Уже тогда Мальцев повторял свои доводы о существовании некрасивого, но все же наименьшего зла, которое куда человечнее кровавых, а главное, глупых поисков красивого добра.
Его арестовали через несколько дней. Оперуполномоченному, вероятно, сказали, что здесь политических процессов никто не хочет. Чтобы было логично: раз поймали политического, значит, он не один… значит, мучайся, ищи статьи, находи свидетелей, устраивай сложнейшее следствие. Кроме того, могут сказать: они, что, вчера стали политическими, а? Куда смотрели? Где была бдительность?
Явно приказали оперу: посадить гада, но дать ему уголовный срок. Тот и старался, но найти ничего не мог. Во-первых, Мальцев вел себя осторожно — не считая поминок по Хо Ши Мину, — а во-вторых, теперь уже не те были времена, чтобы люди со страху говорили сразу, что подскажешь. Нужно было самому выпутываться. Все допросы без пристрастия ни к чему не привели, гад ко всему еще и осторожно издевался. Пришлось прибегнуть к более радикальным мерам.
— Признавайся!
— Не в чем.
Удар кулака разбил губы Мальцева, а еще удар вызвал обильную кровь из носа, затем в щеку вонзилось грязное от засохших чернил перо. Он постарался усмехнуться распухшим ртом… Это ему легко удалось. Было, в общем, привычно получать удары. Удовлетворение платить ударом за удар было роскошью, а драка один на один была редкостью, поэтому быть избитым не было позором. Нужно было, судя по возможностям, либо бить, пока хватит сил и равновесия, либо терпеть, пока не надоест бьющему или пока он не обессилит. Оперуполномоченный, которому давно надоело быть лейтенантом и прозябать в этой районной дыре, скоро понял: сволочь! не брыкается, не даст повода! Желание быть сильнее и победить захлестнуло оперуполномоченного. Он нежно сказал, вытирая мокрый от крови кулак:
— Ты здесь не в Москве, где с вами нянчатся. Я тебя научу уважать советскую власть.
— А я ее и так люблю. Почем знаете?
— Смейся, смейся.
Пока двое в гражданском заходили в кабинет, пока, повинуясь жесту оперуполномоченного, крутили руки Мальцеву, лейтенант пил воду из графина на столе. Кивнул.
— Вода. Ты даже не представляешь, насколько она нужна прогрессивному человечеству.

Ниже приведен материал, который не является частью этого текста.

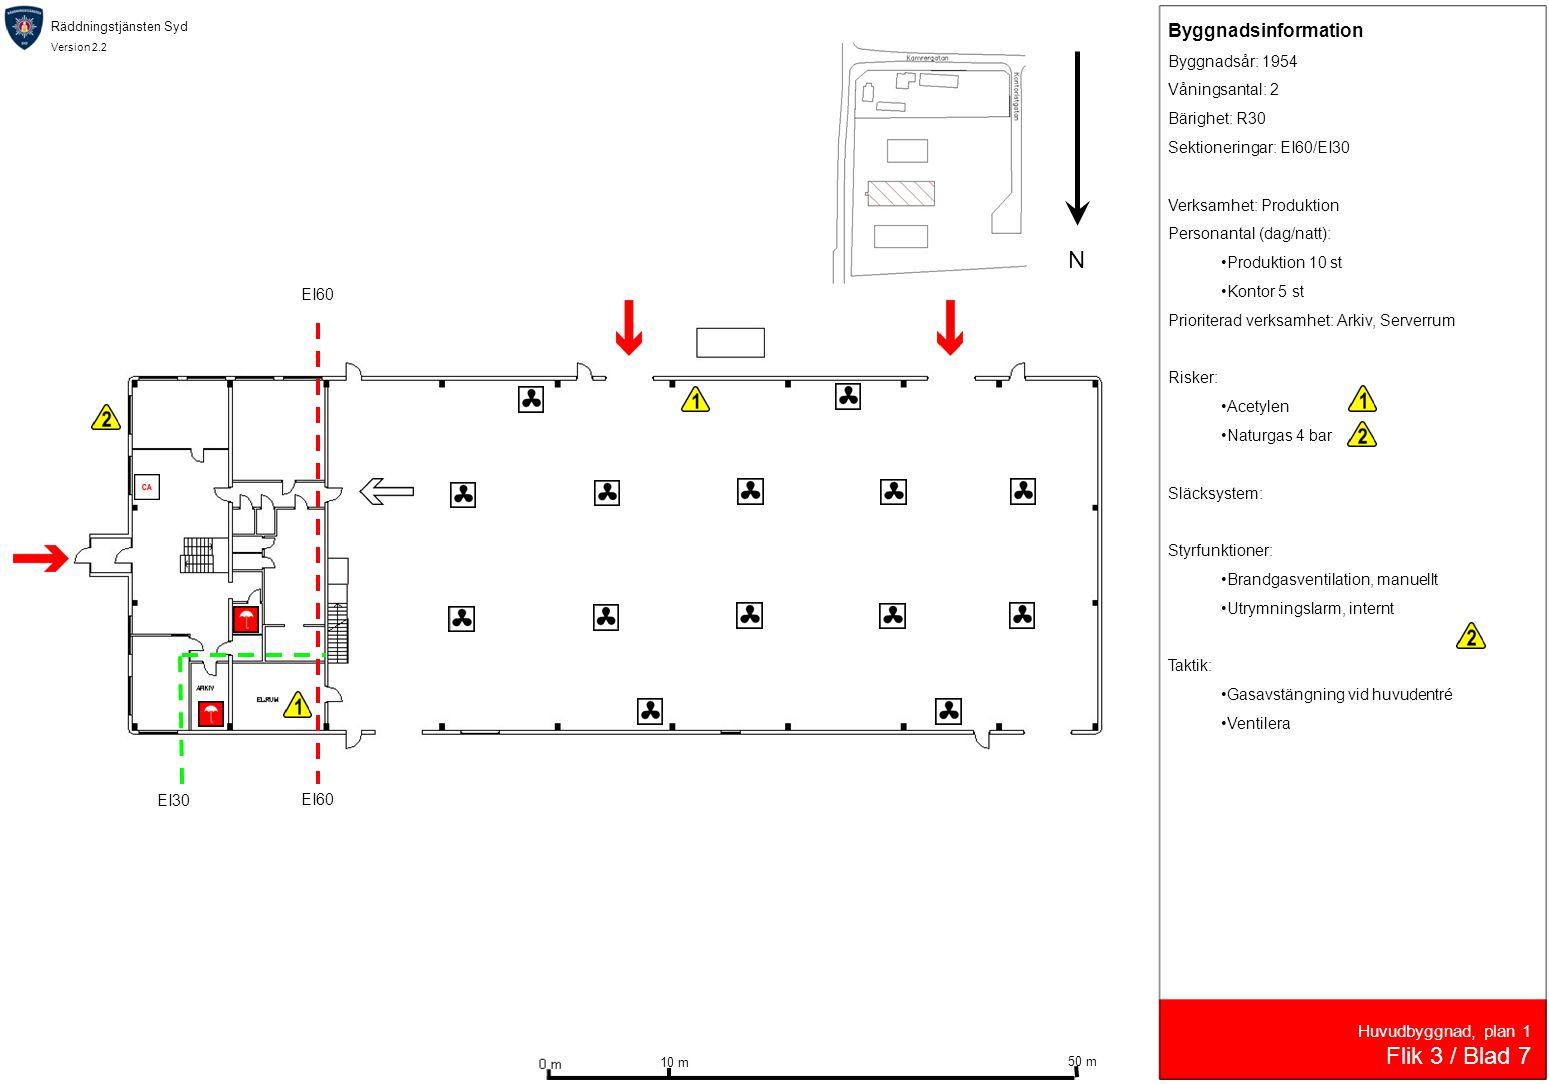 N Flik 3 / Blad 7 Byggnadsinformation Huvudbyggnad, plan 1

Когда он, идя к Мальцеву, стал медленно расстегивать ширинку, тот почти все понял. Мальцев рванулся и, ощутив, что те двое его держат вполсилы, понял на этот раз все и вся до мельчайших подробностей. Для него это был один из еще неизведанных видов издевательства. Тем более трудно было сдержаться, что его все-таки держали четыре руки — когда легко ломаешь, казалось бы, большую силу, это всегда вызывает бешеную радость. Да и опер был плюгавым…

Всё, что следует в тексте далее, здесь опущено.